2. Three call options on a stock have the same expiration date and strike prices of $55, $60, and $65. The market prices are $8, $5, and $3, respectively. Explain how a butterfly spread can be created. Construct a table showing the profit from the strategy. For what range of stock prices would the butterfly spread lead to a loss?Plot a graph of the final profits (after excluding cost) from the strategy (Y axis) for a closing stock price range of $0 to $100 in increments of $5, on the X-axis.

3. Suppose that c1, c2, and c3 are the prices of European call options with strike prices K1, K2, and K3, respectively, where K3>K2>K1 and K3¬– K2 = K2 – K1. All options have the same maturity. Assuming no arbitrage, what is the relation between c1, c2, and c3?

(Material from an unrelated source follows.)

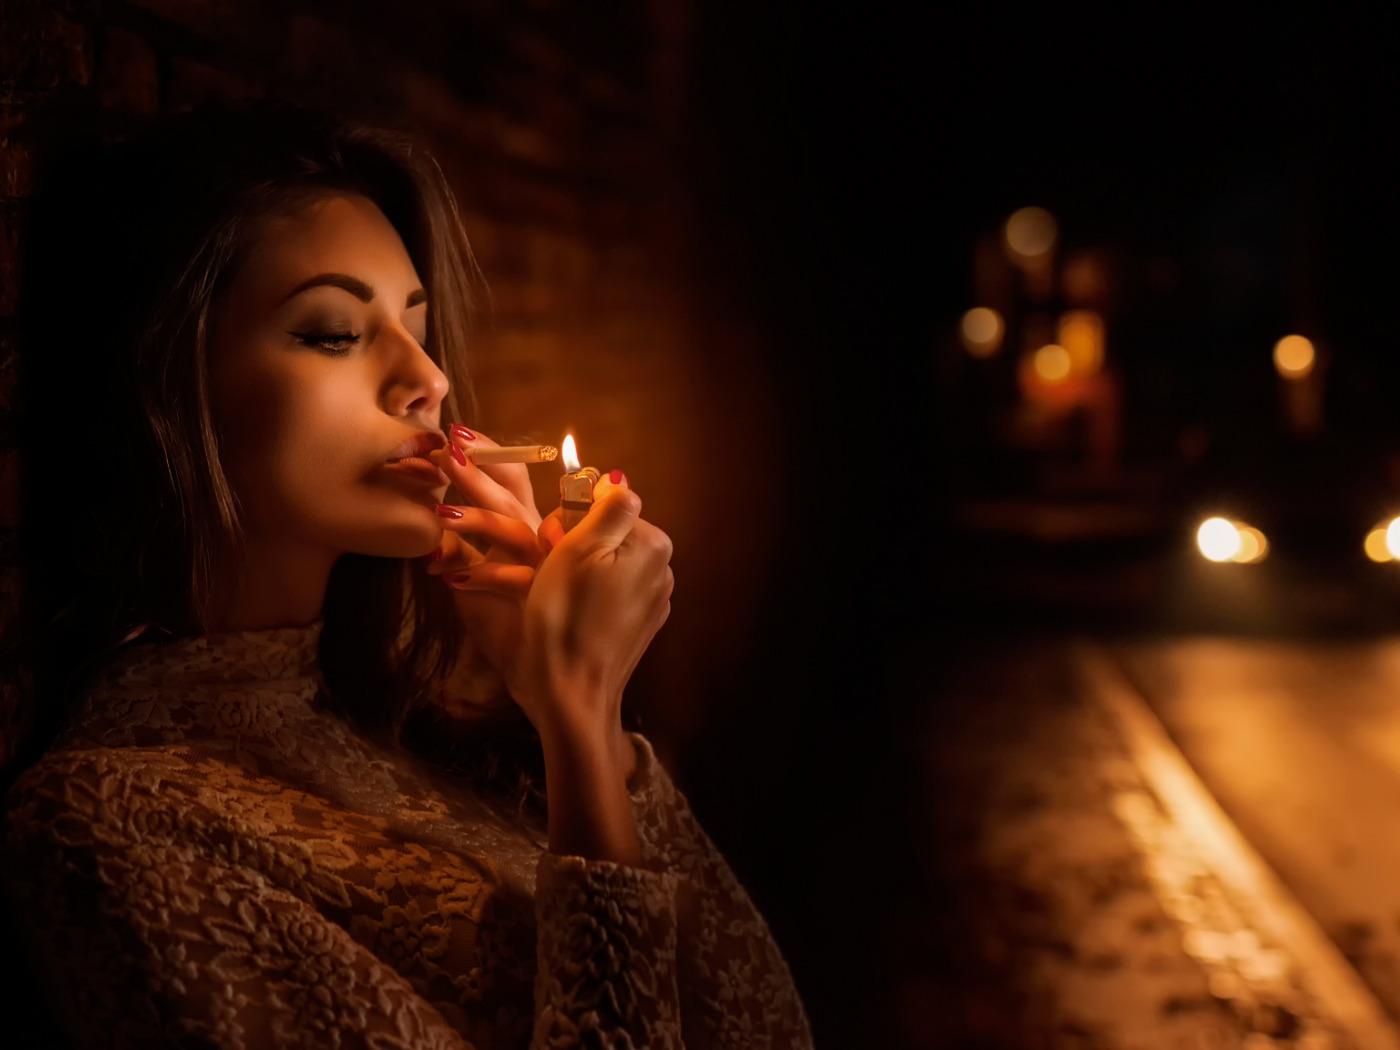 картинка смотри она курит

4. The price of a stock is $40. The price of a one-year European put option on the stock with a strike price of $30 is quoted as $7 and the price of a one-year European call option on the stock with a strike price of $50 is quoted as $5. Suppose that an investor buys 100 shares, shorts 100 call options, and buys 100 put options. Draw a diagram (to scale) illustrating how the investor’s profit or loss varies with the stock price over the next year. How does the answer change if the investor buys 100 shares, shorts 200 call options, and buys 200 put options? Clearly show the payoffs using different graphs for each of the securities (for example — for calls, ___for stock, … for puts, and ___for the overall payoff). Note: I expect is 2 diagrams, one for each scenario.

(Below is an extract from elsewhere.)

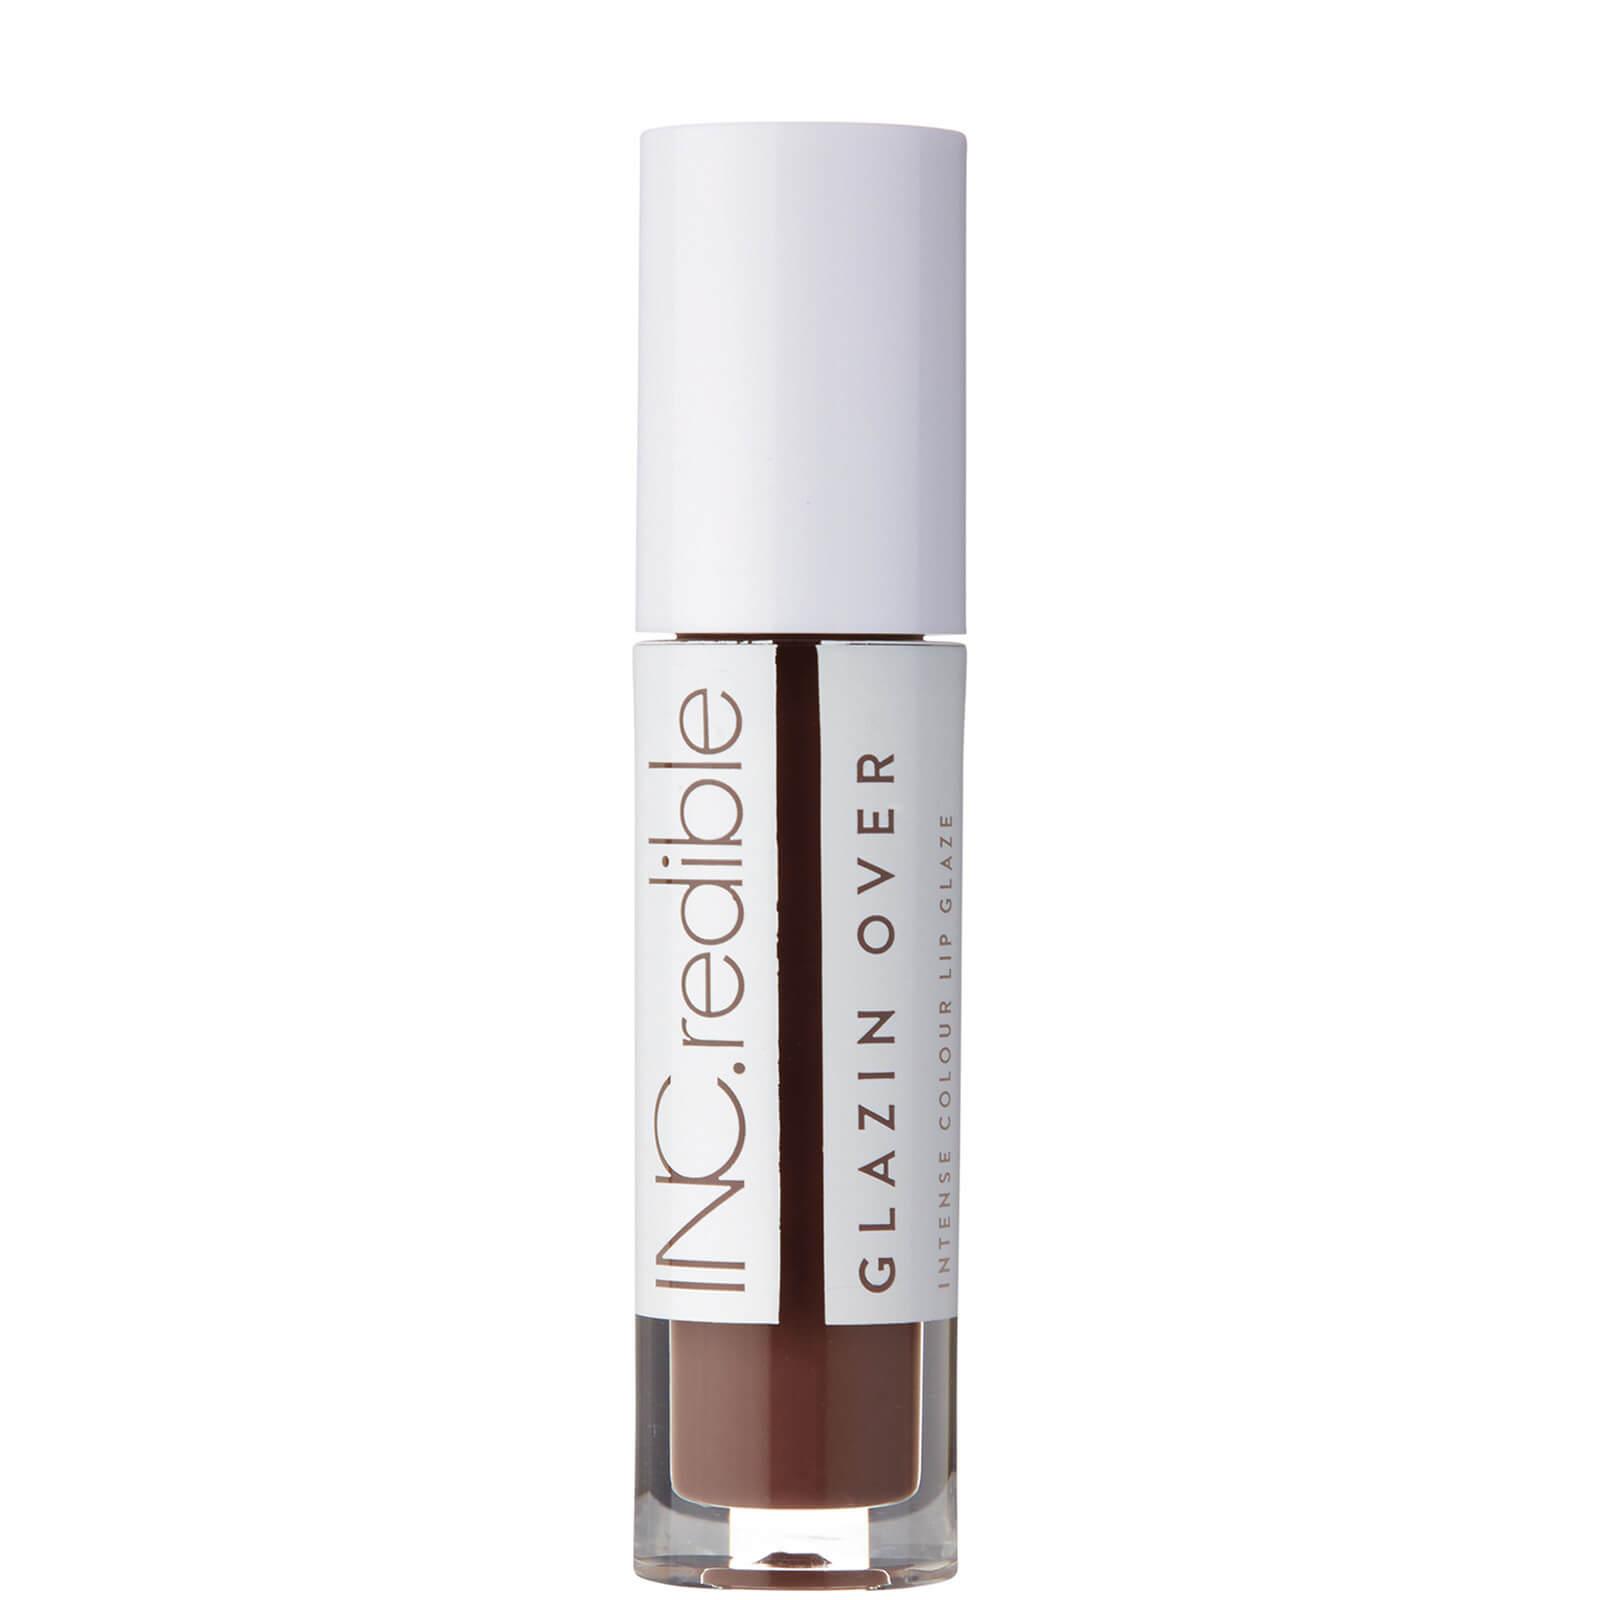 INC.redible Glazin Over gloss labbra (varie tonalità) - Oh Hey There

5. You are given the following information from the WSJ and the Cumulative normal distribution tables. The option matures in 0.5 years and is at the money. The current stock price of the underlying stock is $90.00, and the annualized 365 day t-bill rate is 2.0%. Compute the following:
a) Use the stock price and strike price information from above. Assume that the stock price can either go up by 10% or go down by 10% eachperiod. Assume that each period lasts 0.5 years. Set up a replicating portfolio of the stock and a risk free bond and use a two-period binomial model. Assume that the risk free rate is 1.0% per period.
b) Show CLEARLY the payoffs for the Stock, Bond and the Call for both periods.
c) Calculate the Number of Stocks and Bonds in both periods required to replicate the call.
d) Using no Arbitrage, compute the price of the Call option using this replicating portfolio.
e) Compute the probability (implied) that the stock price will go up.
f) Compute the annualized variance of the stock.
g) Compute the Black- Scholes- theoretical option price for a European Call option on the stock using the above
h) Using Put –Call Parity, compute the price of a European Put option on a share of the stock.

Questions 1 through 4 carry 15 points each and question 5 carries 30 points.